Recorded information

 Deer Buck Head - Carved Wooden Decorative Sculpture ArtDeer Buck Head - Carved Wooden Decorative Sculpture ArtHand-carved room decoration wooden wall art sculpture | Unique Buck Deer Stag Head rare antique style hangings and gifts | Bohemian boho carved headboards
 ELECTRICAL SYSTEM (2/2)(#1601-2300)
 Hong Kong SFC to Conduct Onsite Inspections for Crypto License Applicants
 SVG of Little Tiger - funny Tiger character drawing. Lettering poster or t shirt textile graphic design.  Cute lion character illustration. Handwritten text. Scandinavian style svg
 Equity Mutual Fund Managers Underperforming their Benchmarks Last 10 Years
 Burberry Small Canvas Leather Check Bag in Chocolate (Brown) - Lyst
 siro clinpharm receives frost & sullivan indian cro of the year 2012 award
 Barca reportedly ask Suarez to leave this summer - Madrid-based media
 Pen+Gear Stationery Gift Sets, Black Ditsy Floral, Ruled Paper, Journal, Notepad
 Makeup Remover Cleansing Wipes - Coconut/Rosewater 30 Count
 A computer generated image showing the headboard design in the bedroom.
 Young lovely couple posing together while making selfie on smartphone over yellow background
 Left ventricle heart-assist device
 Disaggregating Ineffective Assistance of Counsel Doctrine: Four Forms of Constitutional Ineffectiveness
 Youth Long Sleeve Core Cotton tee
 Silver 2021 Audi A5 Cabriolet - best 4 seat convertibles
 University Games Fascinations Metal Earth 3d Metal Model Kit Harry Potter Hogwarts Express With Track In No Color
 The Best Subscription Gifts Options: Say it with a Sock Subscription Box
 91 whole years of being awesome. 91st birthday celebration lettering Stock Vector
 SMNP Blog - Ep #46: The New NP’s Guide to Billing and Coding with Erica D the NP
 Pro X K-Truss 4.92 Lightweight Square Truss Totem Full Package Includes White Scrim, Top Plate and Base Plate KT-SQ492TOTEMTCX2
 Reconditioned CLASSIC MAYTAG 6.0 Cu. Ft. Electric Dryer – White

Exercise
What is the number of lines in the listing that hold "style"? Give that number and nothing more.

Solution for this problem
2